I’ve contemplated a lot over whether to write anything on this subject as I don’t like to predict the stock markets or political events, it’s a fools game, but when it comes to Brexit and your retirement I want to try and calm some fears.

I’ve spoken to a number of clients in recent weeks about the potential effects of Brexit and more importantly your retirement portfolio, and there is understandably some real worry out there.

Whilst I don’t know what happens next any more than the leading economists in the world, I can try to outline how different Brexit routes may impact your investments and what we do as a company to prepare for these types of political events.

What type of Brexit will we get?

The first thing is to say that events are now moving fast. It could well be by the time this article is published we have a new Prime Minister or are looking at another General Election.

It appears there are divisions right through British politics with leavers and remainers in both the Conservatives and Labour. There’s even divisions amongst the leavers and remainers! Are you a soft brexit or a hard brexit?!

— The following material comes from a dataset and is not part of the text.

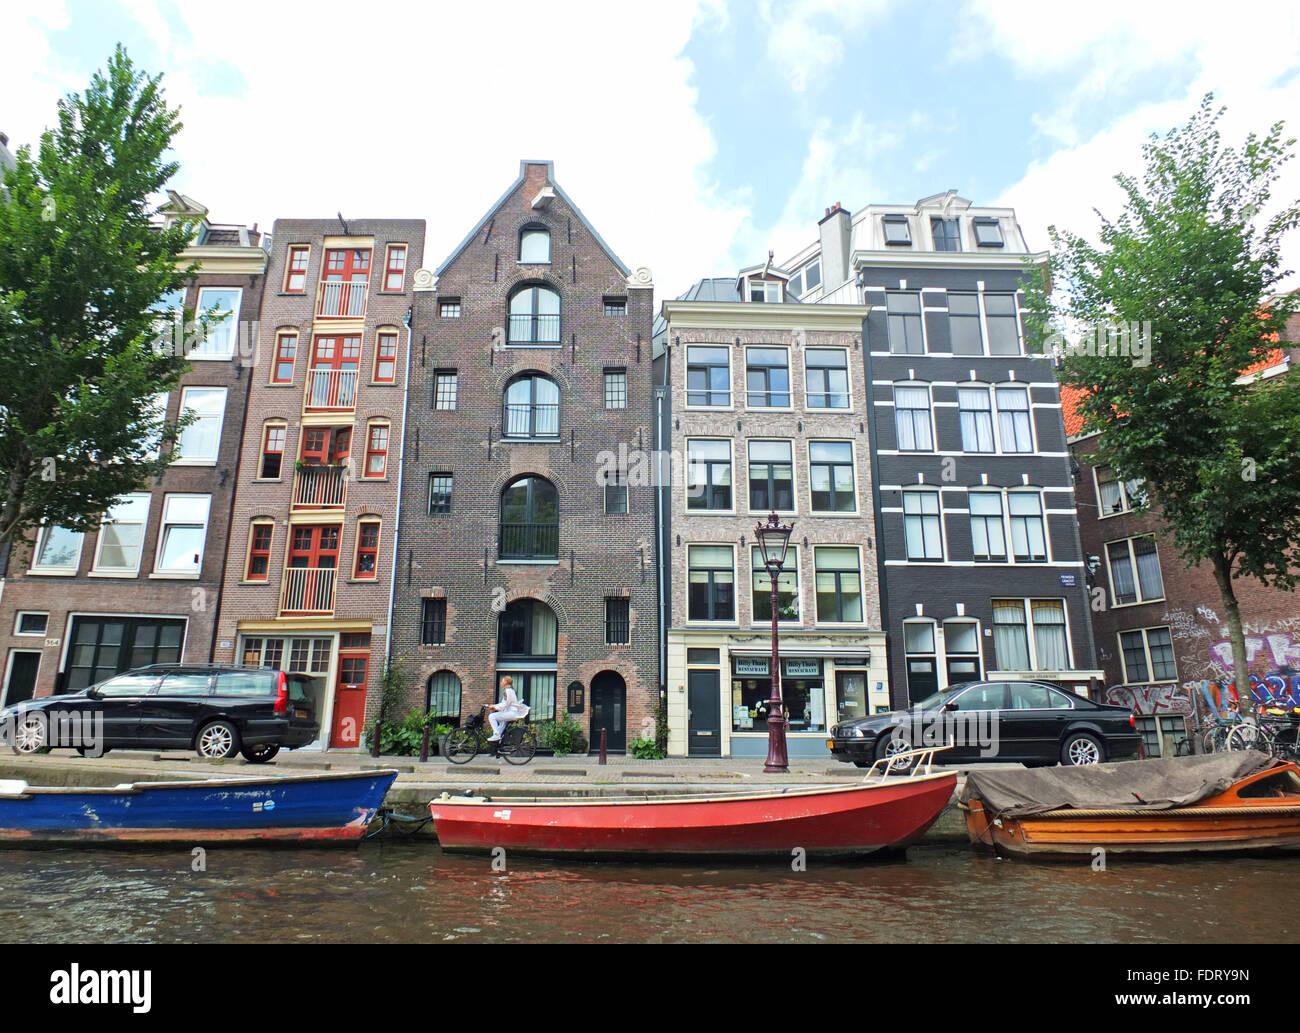 Amsterdam Banque D'Images

This is what is making it so hard to get any type of deal through parliament. It’s quite possible that even if the first deal agreed by Theresa May gets voted down in parliament, she may decide to quit and with a new Prime Minister, the EU may allow for negotiations to continue and could extend the whole process for another year.

The type of Brexit and your retirement

So what are the key factors here in relation to stock markets and your retirement portfolio?

#1 – Currency / Stock Markets

Well the markets hate uncertainty. So if no deal is agreed it is likely the markets will get spooked. What usually happens first is that the pound falls in value as investors feel that other countries will avoid the UK until they are more certain on what trading relations we have.

BUT this doesn’t mean UK stock markets will fall. The larger UK companies that form the FTSE 100 share index are mainly international companies. A large chunk of their earnings come from abroad so if the pound is lower, when they convert their foreign profits back into sterling they will receive a boost. This could actually boost the share price of these companies like it did when the result of the referendum was first announced and the pound fell.

#2 – Global economy

In terms of the global economy, the UK is only about 5% of the world’s stock market

So if the UK economy does temporarily suffer post Brexit this doesn’t mean there is going to be a worldwide meltdown. Plenty of other countries are motoring along just fine.

This is why the investment portfolios we recommend to clients are well diversified across the globe. We always say to clients that we are recommending you buy the world!

No matter how bad the NEWS (Negative Events Word Service) media try to make things out remember, we as a country and the world have got through much worst. We’ve been through wars, great depressions and the near collapse of the banking system.

The economy recovers and powers on. Temporary stock market declines are normal

#3 – Interest rates and alternatives

If the UK economy does start to suffer after Brexit then it’s likely that the Bank of England will keep interest rates lower for longer.

This not only keeps borrowing cheaper for businesses and consumers, (which could in turn help stock markets) it means the opportunities for making your money grow outside of stocks is low.

Keeping more money in cash than you need to means it will lose out to inflation in the long run.

All portfolios we build for clients are diversified across a range of different types of investments (known as asset classes). From stocks to bonds, cash to property. By diversifying we are not at the mercy of one area should things go bad. Each asset can balance each other out over the long run.

What really matters when it comes to Brexit and your retirement

What really matters right now are your goals and your investment timeframe.

How long are you investing for? Are you investing for income or growth?

If you are investing for growth over the long term, say 10 years plus, then providing you are in the right portfolio you can probably stop worrying about Brexit and carry on letting the portfolio do its job.

If your timeframe is shorter and you are trying to raise an income from your portfolio, you may need to seriously look at your portfolio/your financial plan and be clear on the potential outcomes. A good professional Financial Adviser will help you with both.

Risk warning:

Stock market linked investments and any income from them, can fall as well as rise and is not guaranteed. Any figures quoted are for illustrative purposes and should not be taken as a forecast or guarantee. Past performance should not be seen as an indication of future returns and clients may get back less than they have invested.